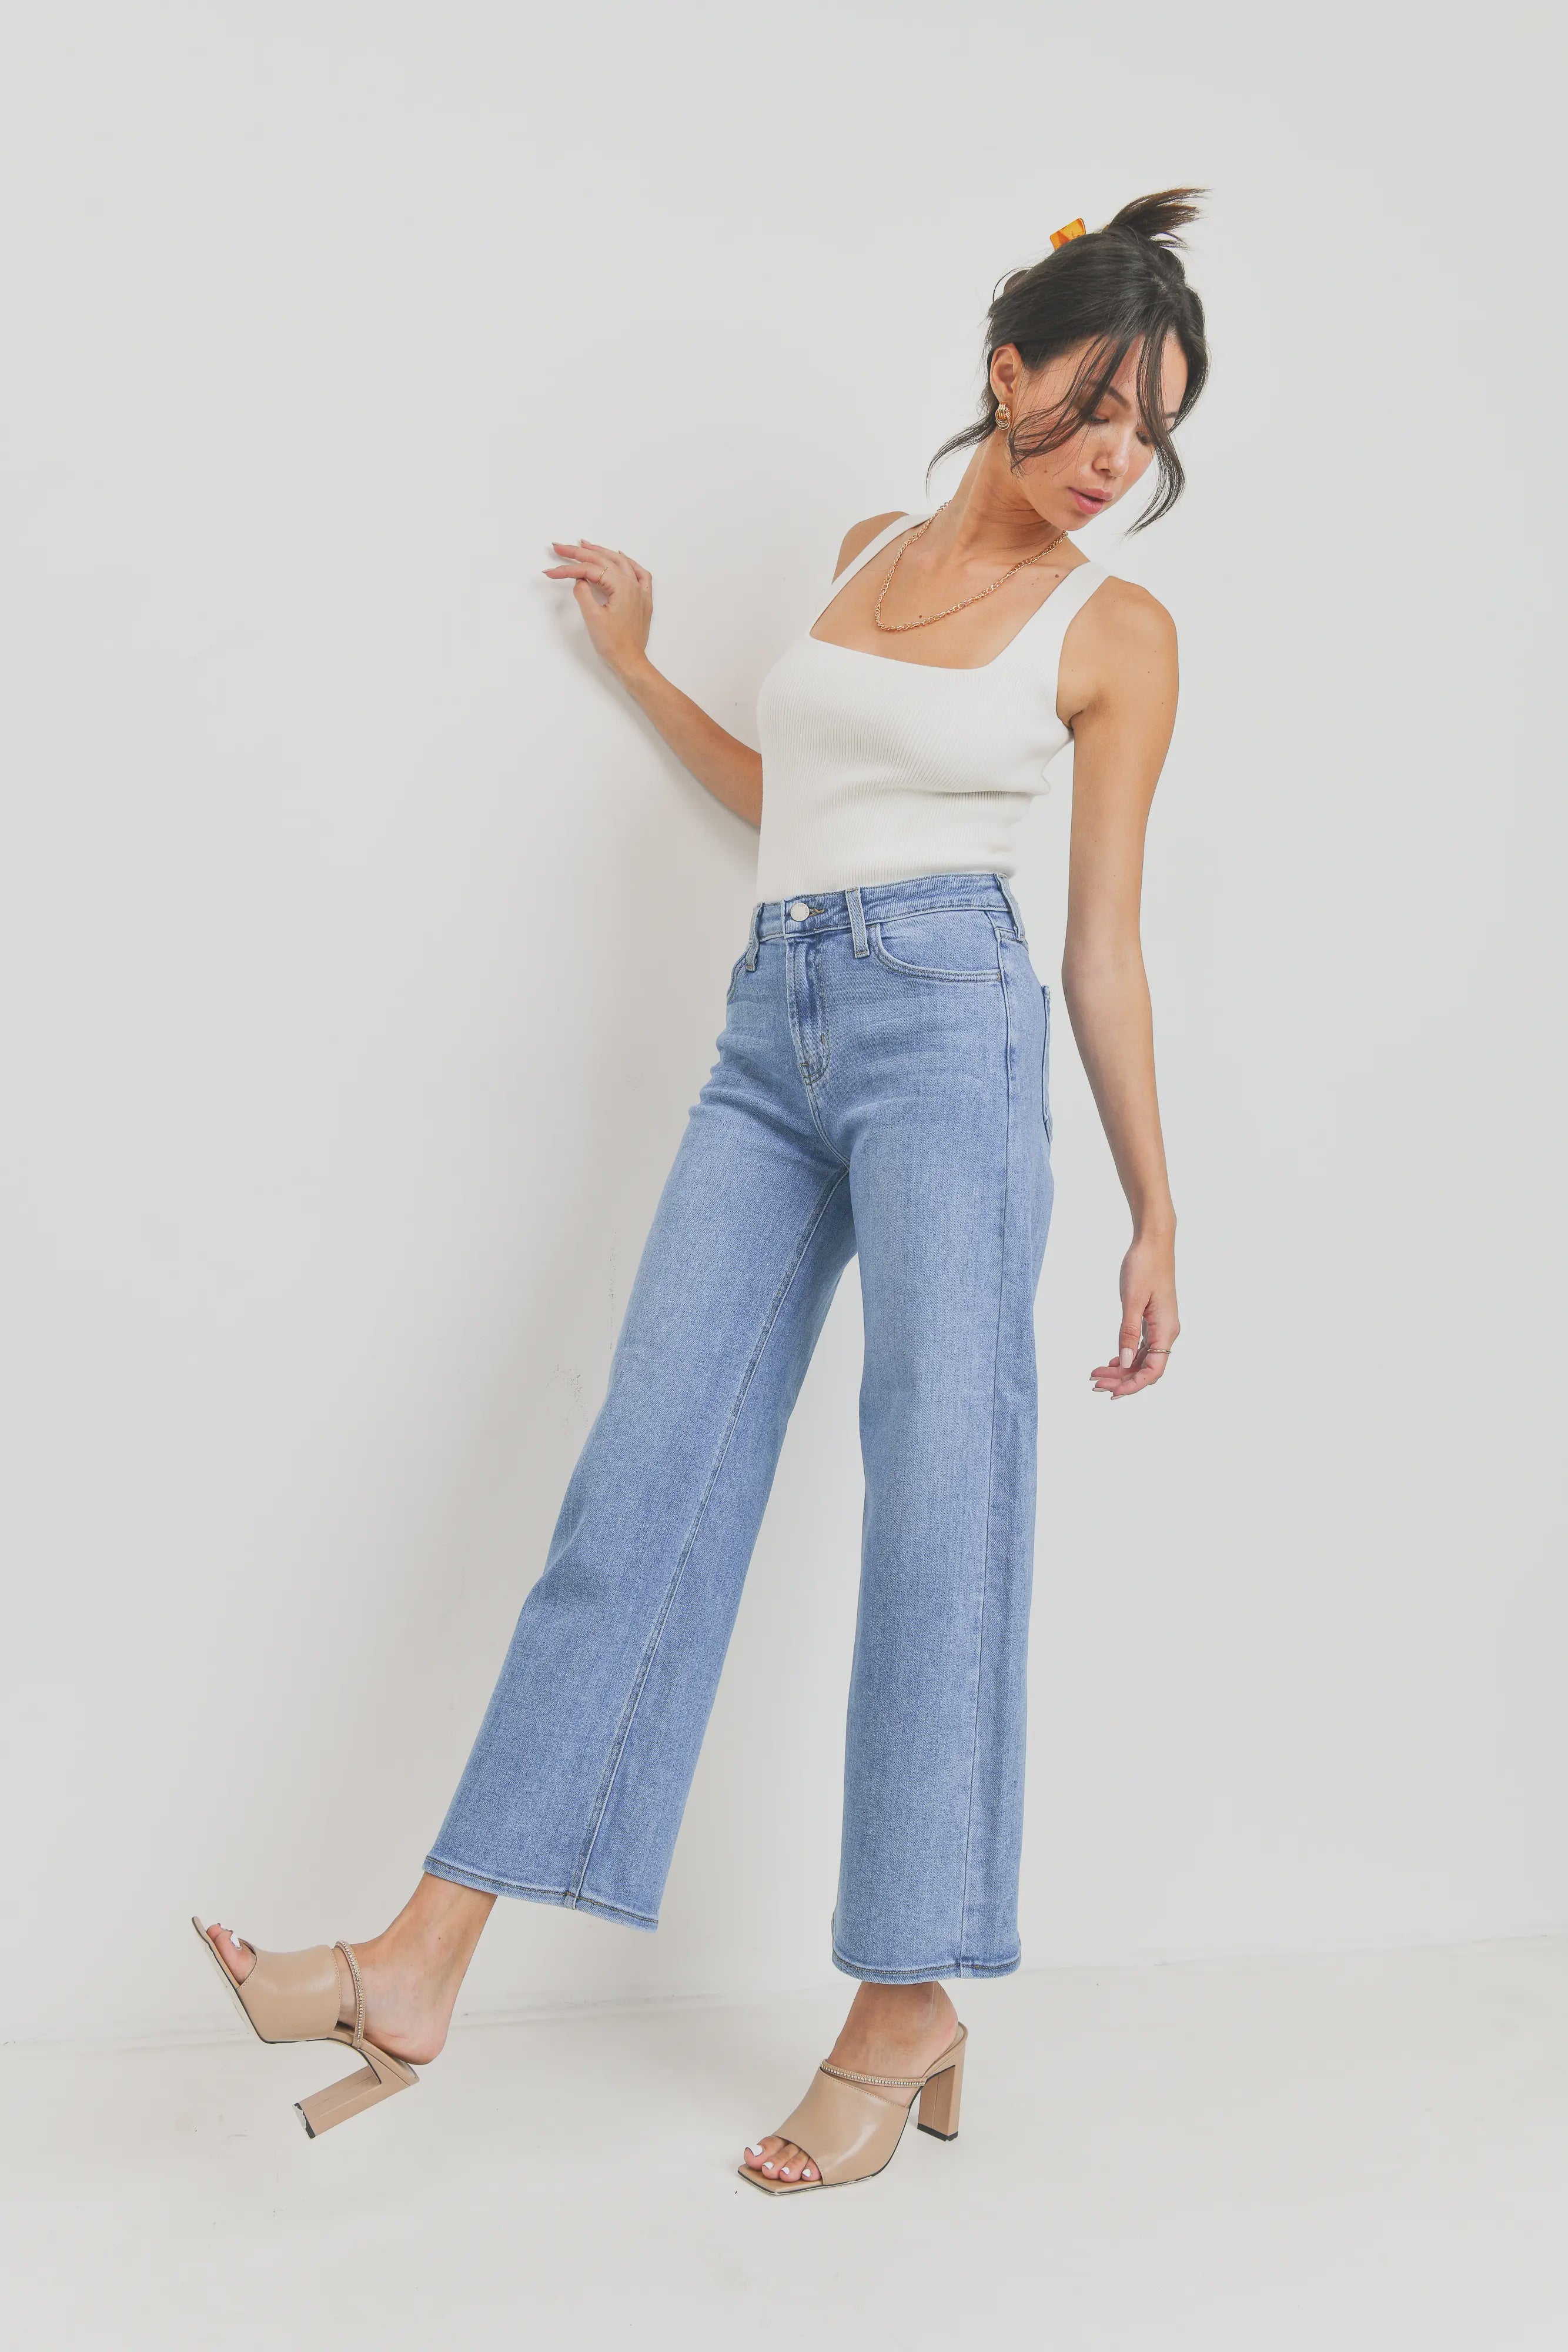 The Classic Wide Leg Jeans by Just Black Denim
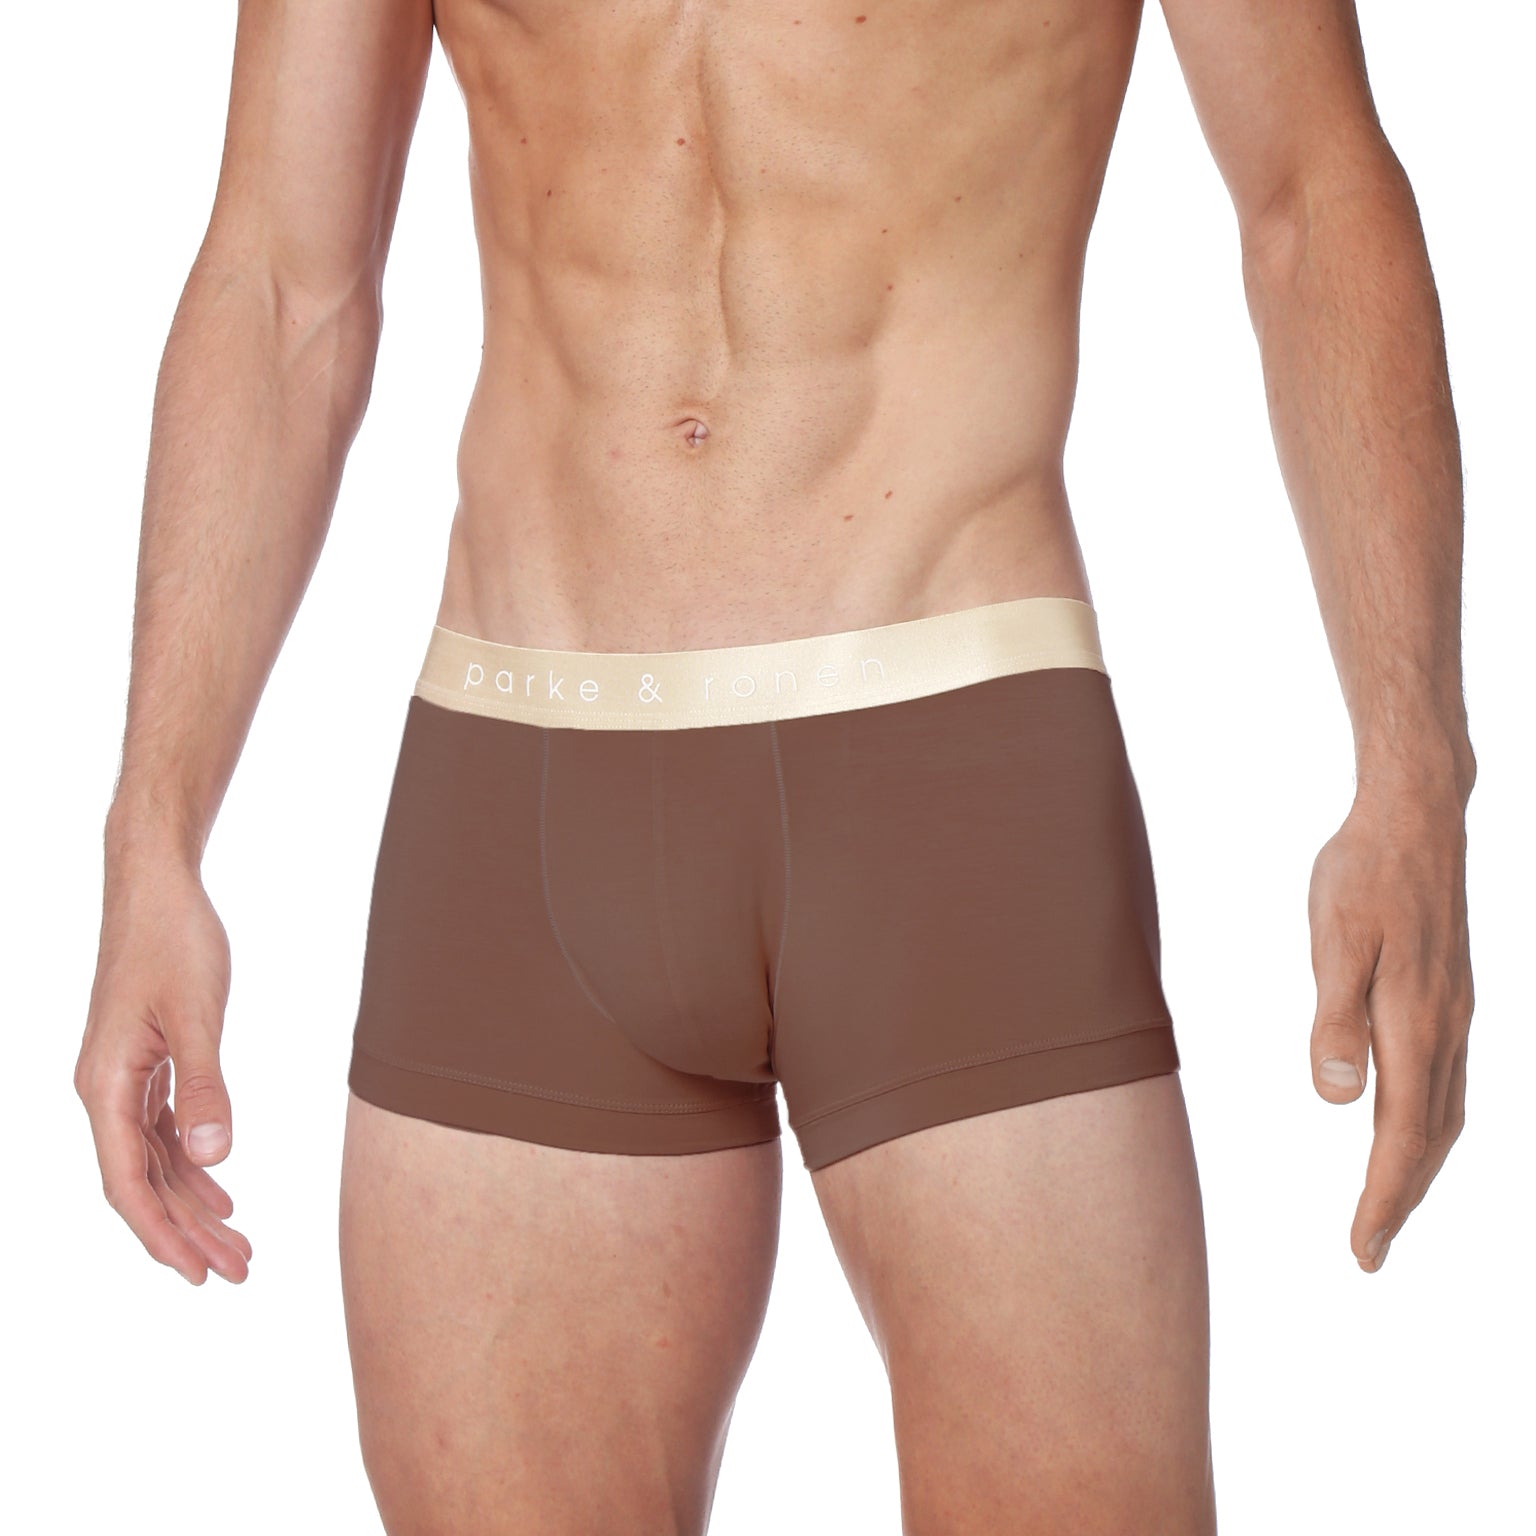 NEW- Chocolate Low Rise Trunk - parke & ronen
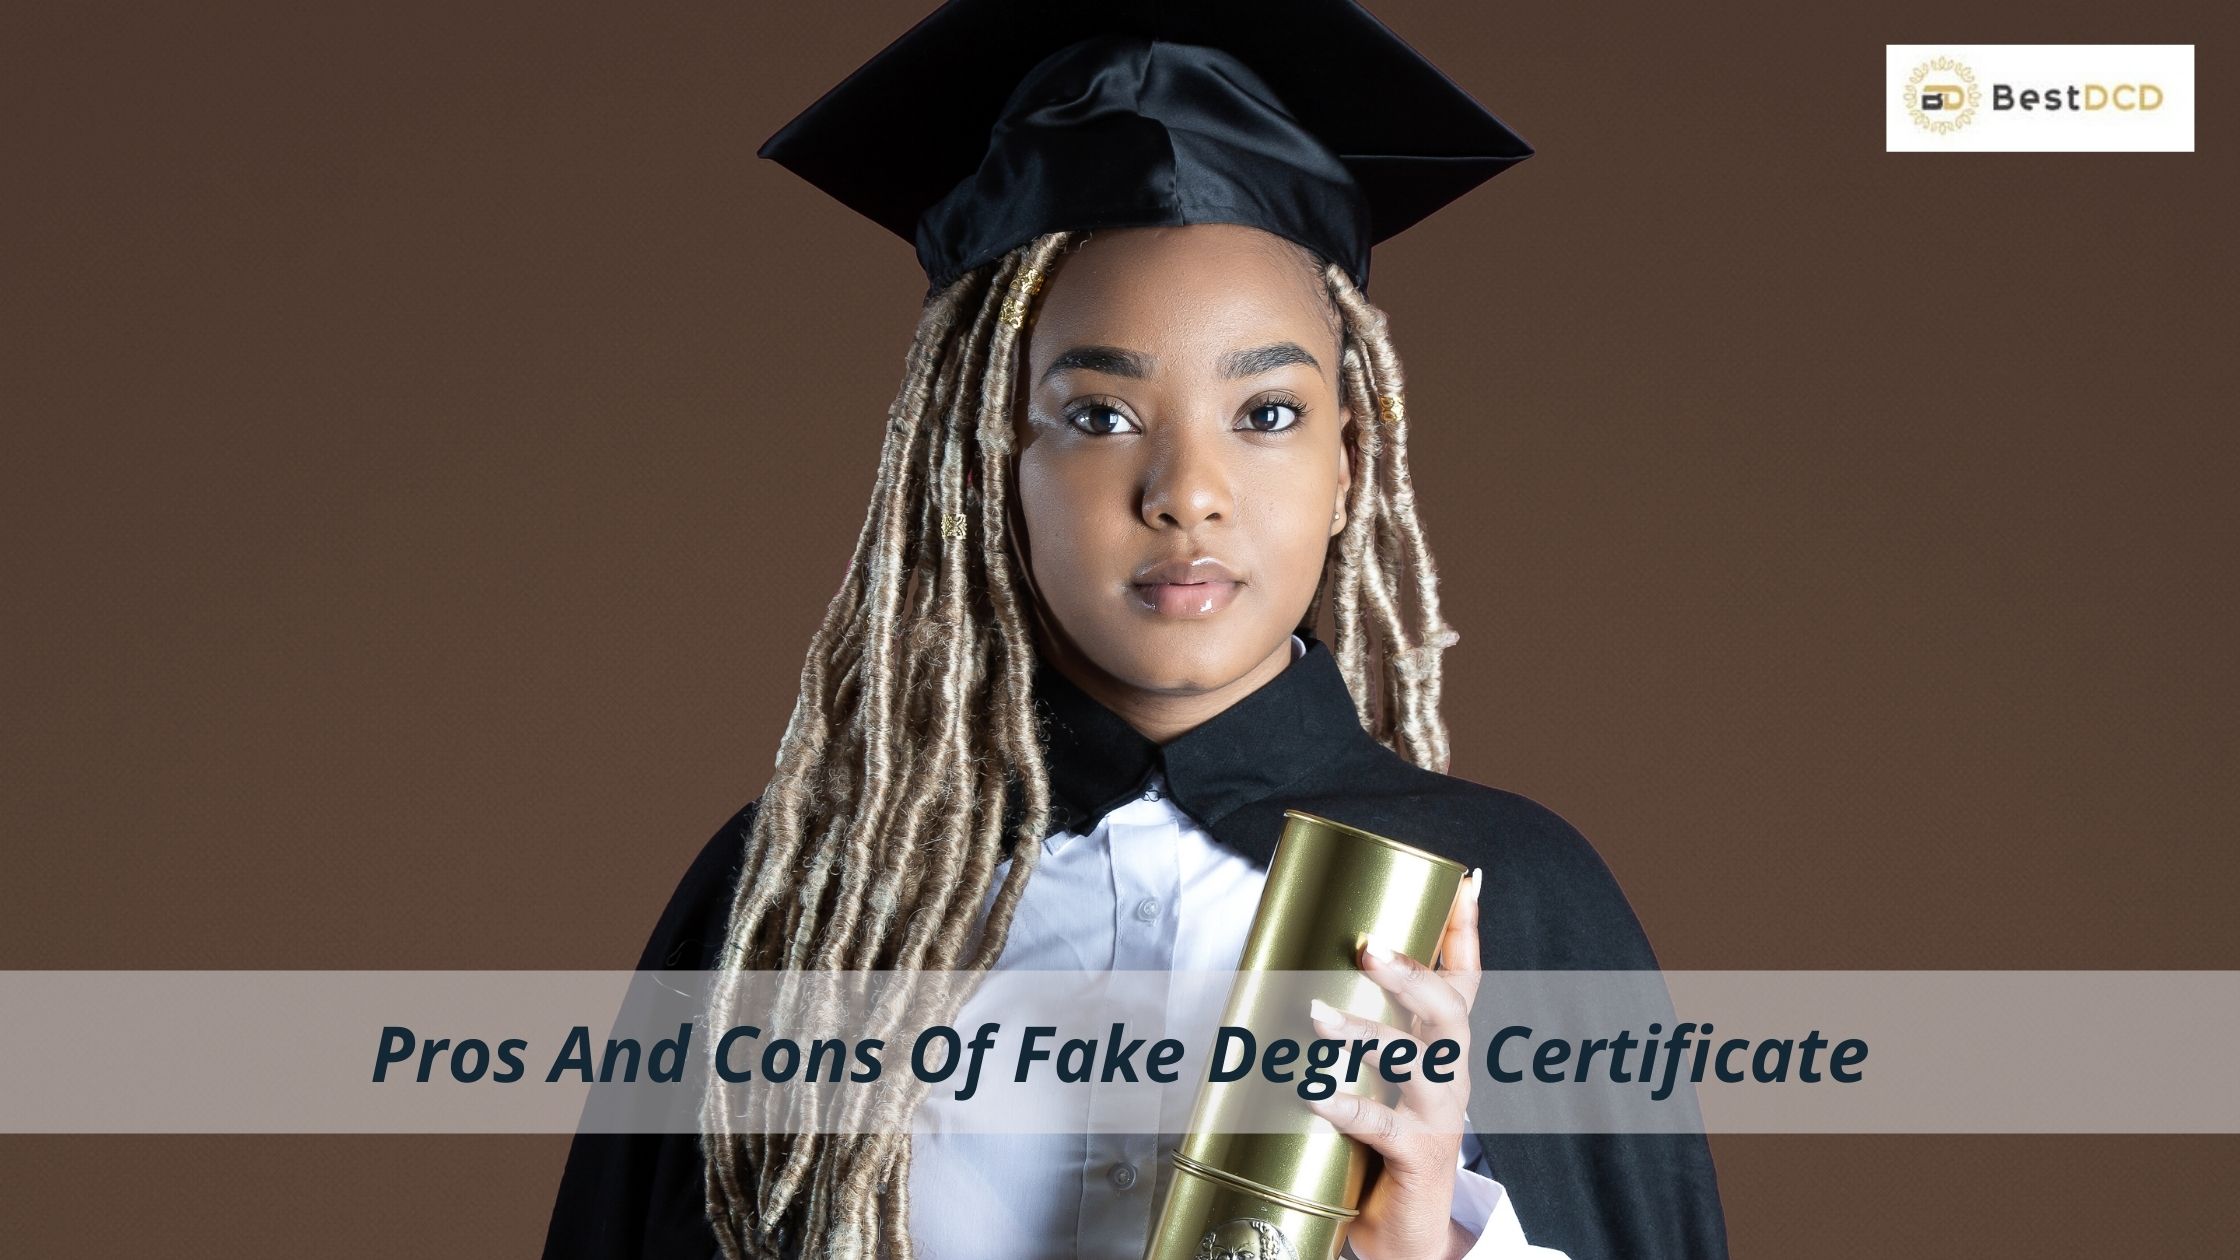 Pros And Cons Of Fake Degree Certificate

Work to be completed: The answer is the whole listing above, written out verbatim, without its pictures.

Output of the task:
 The Classic Wide Leg Jeans by Just Black Denim
 NEW- Chocolate Low Rise Trunk - parke & ronen
 Pros And Cons Of Fake Degree Certificate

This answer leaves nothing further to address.